(Records to use Opens)

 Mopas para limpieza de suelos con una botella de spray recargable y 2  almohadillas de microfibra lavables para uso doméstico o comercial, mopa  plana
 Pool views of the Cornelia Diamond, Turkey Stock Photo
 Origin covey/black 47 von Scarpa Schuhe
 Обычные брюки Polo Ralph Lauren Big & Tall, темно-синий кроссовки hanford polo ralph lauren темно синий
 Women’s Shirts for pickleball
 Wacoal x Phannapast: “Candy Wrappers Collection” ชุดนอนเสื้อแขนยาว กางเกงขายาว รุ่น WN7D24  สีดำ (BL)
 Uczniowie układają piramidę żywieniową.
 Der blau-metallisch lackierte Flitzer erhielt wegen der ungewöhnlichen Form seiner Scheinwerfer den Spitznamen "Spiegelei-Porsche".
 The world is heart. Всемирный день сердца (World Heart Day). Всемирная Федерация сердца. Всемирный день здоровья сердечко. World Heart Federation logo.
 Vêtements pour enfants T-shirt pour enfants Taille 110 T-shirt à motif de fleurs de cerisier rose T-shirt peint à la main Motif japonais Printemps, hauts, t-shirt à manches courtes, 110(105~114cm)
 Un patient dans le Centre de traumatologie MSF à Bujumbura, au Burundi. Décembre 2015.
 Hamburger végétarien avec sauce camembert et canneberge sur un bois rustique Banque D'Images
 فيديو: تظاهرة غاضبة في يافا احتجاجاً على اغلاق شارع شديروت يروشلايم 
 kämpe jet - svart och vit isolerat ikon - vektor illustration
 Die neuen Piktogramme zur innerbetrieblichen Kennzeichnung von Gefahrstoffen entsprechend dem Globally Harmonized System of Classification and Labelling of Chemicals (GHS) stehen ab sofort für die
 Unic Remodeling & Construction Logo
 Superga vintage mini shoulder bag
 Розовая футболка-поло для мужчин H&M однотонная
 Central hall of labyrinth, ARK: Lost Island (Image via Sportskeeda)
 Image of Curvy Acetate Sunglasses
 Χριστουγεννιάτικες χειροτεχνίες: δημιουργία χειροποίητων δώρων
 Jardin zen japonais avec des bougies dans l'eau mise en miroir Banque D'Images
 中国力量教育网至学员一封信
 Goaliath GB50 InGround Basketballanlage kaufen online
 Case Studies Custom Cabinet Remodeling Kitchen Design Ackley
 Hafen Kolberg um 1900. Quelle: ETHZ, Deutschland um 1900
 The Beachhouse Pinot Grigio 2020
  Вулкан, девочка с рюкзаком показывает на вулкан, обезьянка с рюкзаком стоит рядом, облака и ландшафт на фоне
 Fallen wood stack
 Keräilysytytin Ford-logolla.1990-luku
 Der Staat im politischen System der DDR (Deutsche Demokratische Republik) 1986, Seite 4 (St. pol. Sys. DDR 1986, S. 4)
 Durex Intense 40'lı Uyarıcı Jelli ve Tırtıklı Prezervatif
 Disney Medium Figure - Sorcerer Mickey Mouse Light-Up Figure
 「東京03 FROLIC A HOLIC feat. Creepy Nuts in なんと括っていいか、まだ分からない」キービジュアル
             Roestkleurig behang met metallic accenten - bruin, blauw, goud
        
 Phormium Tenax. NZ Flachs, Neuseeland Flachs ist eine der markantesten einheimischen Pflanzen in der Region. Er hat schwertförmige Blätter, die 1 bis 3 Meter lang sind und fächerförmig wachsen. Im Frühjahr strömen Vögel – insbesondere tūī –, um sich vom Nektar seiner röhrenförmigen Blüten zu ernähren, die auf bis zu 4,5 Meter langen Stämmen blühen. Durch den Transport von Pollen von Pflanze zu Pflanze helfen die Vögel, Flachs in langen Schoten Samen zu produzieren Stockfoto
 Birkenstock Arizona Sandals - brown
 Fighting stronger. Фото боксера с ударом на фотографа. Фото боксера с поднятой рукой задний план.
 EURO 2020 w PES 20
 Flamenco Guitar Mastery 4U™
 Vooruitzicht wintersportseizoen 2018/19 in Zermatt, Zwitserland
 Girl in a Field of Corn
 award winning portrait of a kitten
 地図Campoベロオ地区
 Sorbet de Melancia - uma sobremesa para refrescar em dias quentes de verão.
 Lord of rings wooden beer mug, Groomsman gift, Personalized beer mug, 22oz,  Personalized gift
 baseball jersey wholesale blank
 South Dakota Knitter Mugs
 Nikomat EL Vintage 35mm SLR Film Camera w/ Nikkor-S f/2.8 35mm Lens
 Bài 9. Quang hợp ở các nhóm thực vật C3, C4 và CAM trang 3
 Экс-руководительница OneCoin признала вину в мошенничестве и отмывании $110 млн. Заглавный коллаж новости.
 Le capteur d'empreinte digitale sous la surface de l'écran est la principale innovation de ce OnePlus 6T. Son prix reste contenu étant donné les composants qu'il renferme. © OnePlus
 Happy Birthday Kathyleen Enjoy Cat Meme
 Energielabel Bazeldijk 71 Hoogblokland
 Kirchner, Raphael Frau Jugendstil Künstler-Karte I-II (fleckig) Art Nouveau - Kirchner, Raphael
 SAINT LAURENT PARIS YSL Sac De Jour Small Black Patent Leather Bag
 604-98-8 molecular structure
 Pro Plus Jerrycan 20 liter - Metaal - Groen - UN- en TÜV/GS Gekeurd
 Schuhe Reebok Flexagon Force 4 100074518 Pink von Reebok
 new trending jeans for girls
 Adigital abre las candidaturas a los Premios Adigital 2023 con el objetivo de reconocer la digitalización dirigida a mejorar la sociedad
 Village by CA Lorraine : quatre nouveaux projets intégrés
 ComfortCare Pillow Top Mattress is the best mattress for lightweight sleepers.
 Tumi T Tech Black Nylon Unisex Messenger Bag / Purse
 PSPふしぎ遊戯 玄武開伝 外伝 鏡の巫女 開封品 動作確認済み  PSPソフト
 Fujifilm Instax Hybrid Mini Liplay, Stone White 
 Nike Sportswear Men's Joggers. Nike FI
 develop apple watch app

(Records to use Closes)

About this task »
Using the records, find the number of lines in which the string "seiner" occurs. Reply with that number alone.

Reply to the exercise »
2